Around the same time I saw La La Land, I was reading a book about a book that felt like it was about the movie. Let me explain.

Charles Taylor

James K. A. Smith

Charles Taylor, a Roman Catholic Canadian philosopher has written a magisterial volume of secularism called; A Secular Age. The reformed philophical theologian, James KA Smith, has written an appreciative guide to Taylor’s work called How Not to be Secular.

Smith quotes a novelist who said:

I don’t believe in God but I miss him.

How’s that for a quote about truth and reality.
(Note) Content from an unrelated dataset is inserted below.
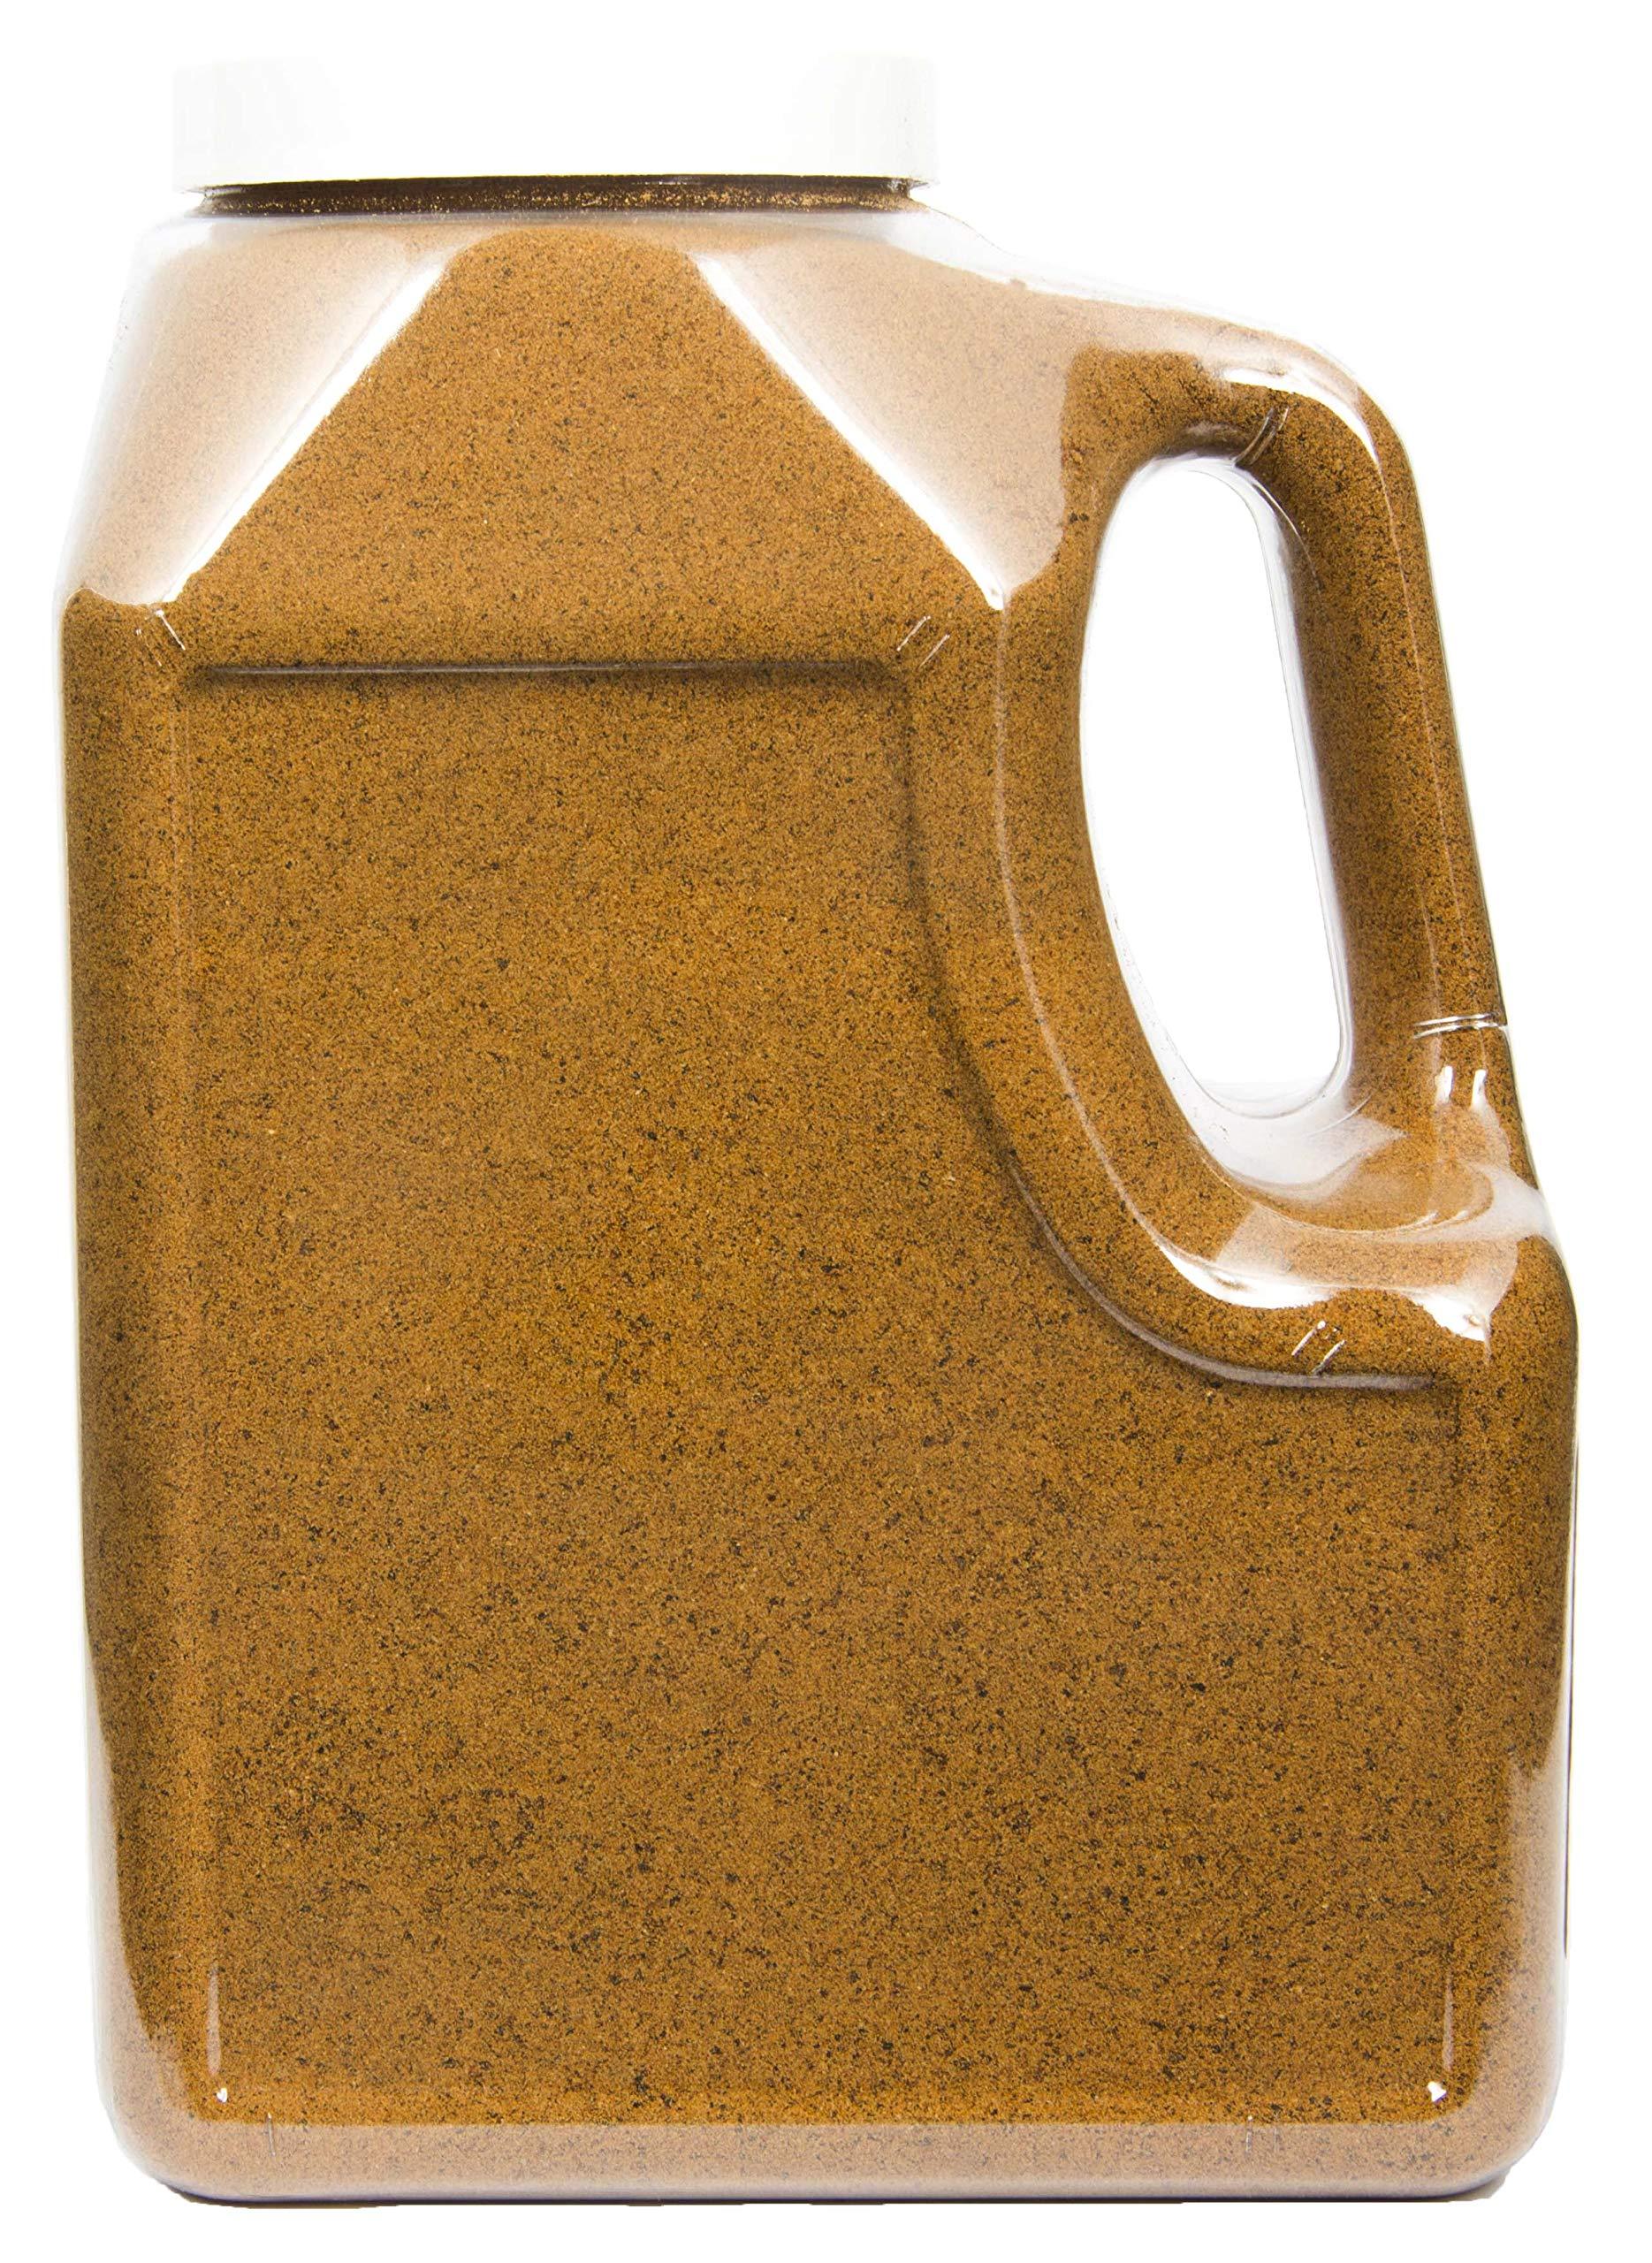 Ground Nutmeg : Pure Spice Blend Seasoning, No Additives, Holiday Spice : Kosher (40oz.) by Burma Spice (Image #1)

Now is not the time to unpack Taylor and Smith but I do commend them to you. One of the most striking elements in their argument is that, despite the enlightenment, the philosophical west remains haunted by the idea of transcendence. Scientists and engineers have lots of ways of explaining how a light works but we can’t shake the sense that it is kind of magical.

Despite the melancholy it stirred in me I was glad to see La La Land because it confirmed the sense that our culture is still haunted by transcendence whether experienced through nostalgia, longing, regret or the great artistic efforts we go to to make the imaginary real. Despite the twists and turns in its story telling, I think the film asks:

Why not transcendence?

Why not carry tap shoes?

Why not dance in the stars?

And I say: indeed, why not…

When the truth is: there’s an eternal Spirit living in me.

When there’s a God listening to my prayers.

And there’s an heroic but historical man who even rose from the dead.